• [Extracted entries]
+ + + +

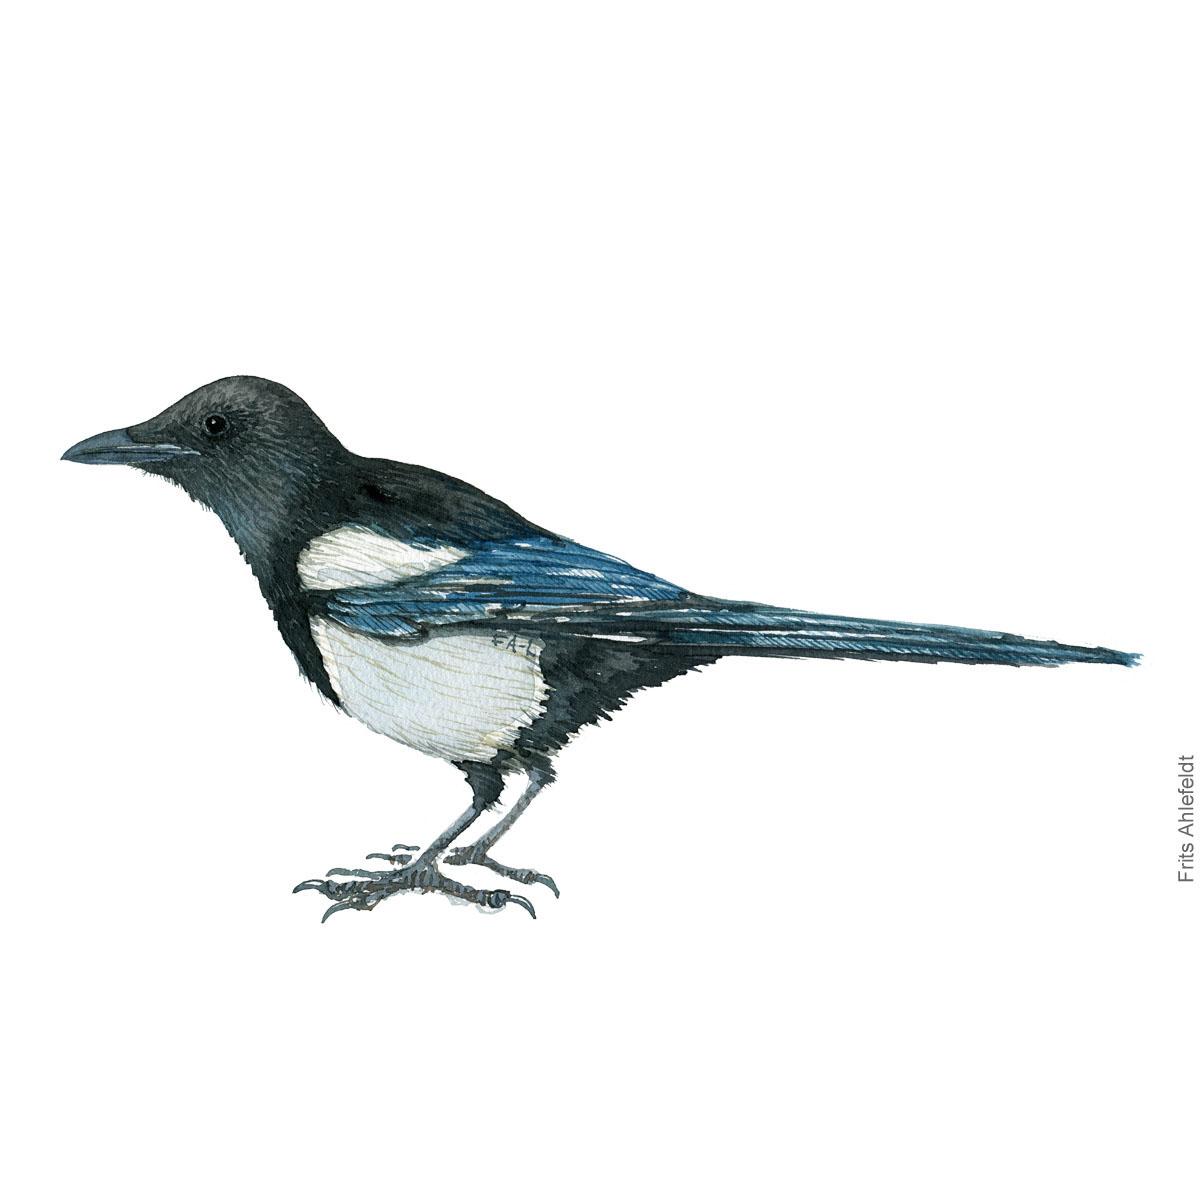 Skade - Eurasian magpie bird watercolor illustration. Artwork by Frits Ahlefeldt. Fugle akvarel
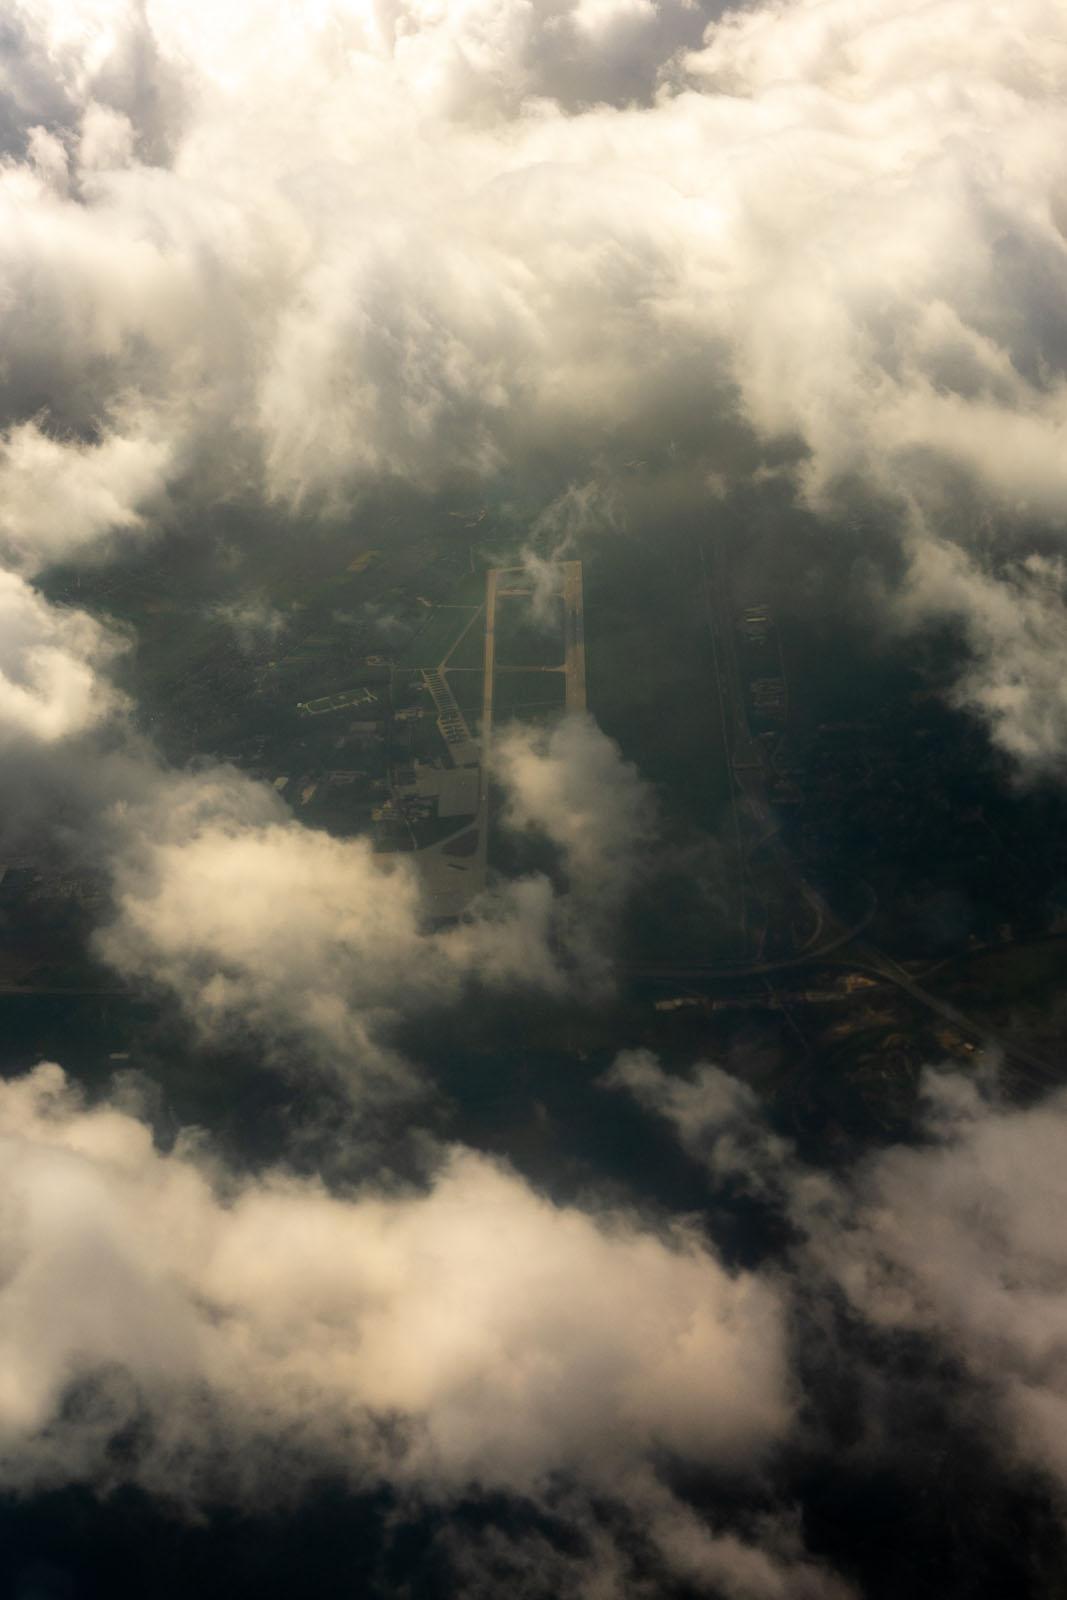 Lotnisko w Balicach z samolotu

+ + + +

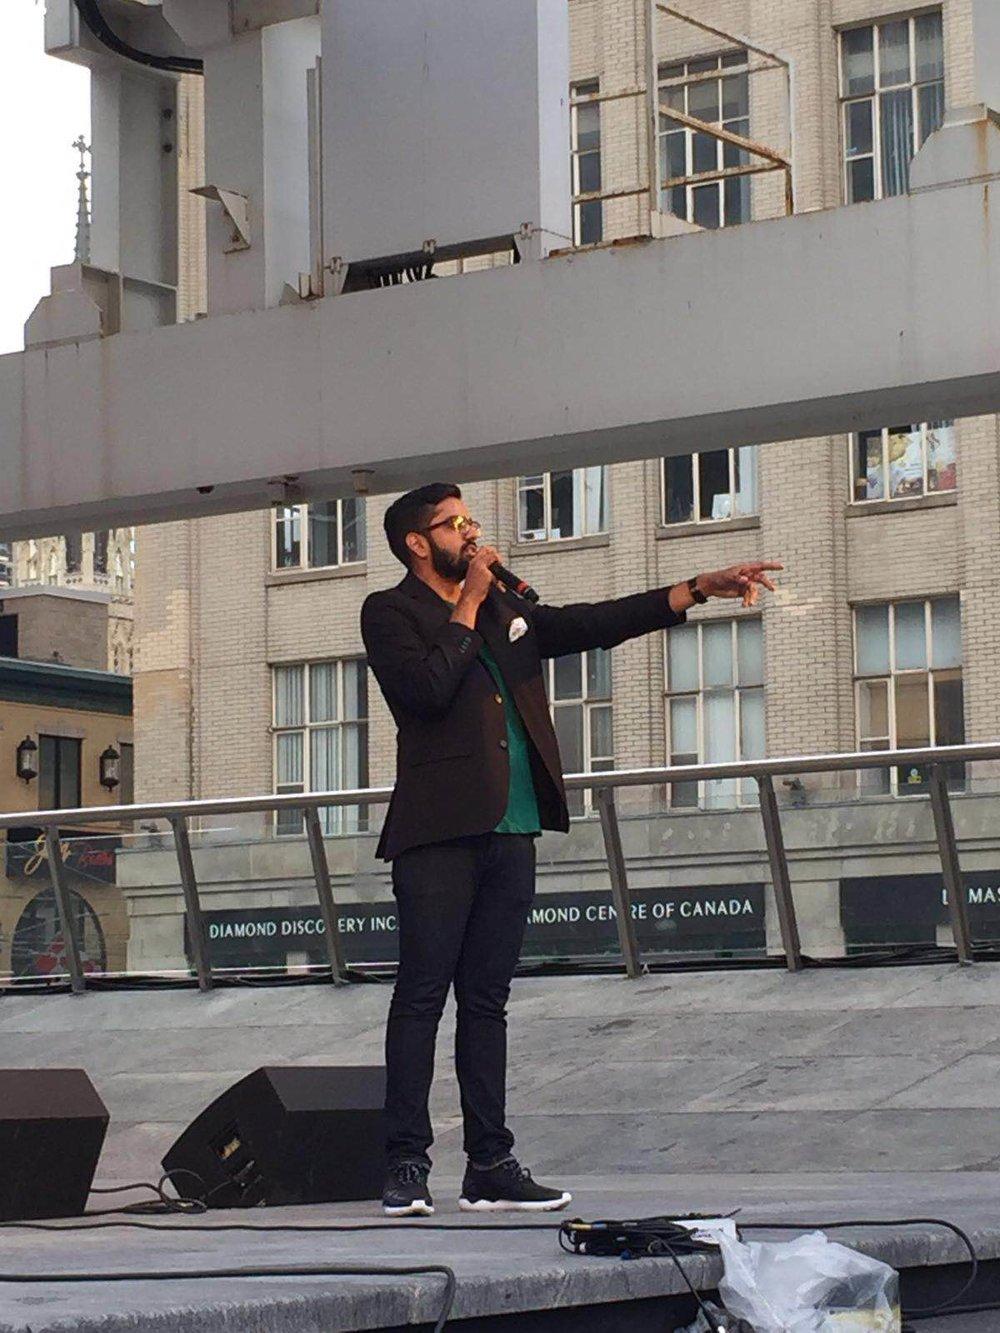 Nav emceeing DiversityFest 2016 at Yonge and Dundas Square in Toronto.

+ + + +

• [Exercise details]
Only the lines between the one with "Skade - Eurasian" and the one with "Lotnisko w Balicach z samolotu", those two included, get copied from the material above. Keep it exact and free of pictures.

• [Answer to this problem]
 Skade - Eurasian magpie bird watercolor illustration. Artwork by Frits Ahlefeldt. Fugle akvarel
 Lotnisko w Balicach z samolotu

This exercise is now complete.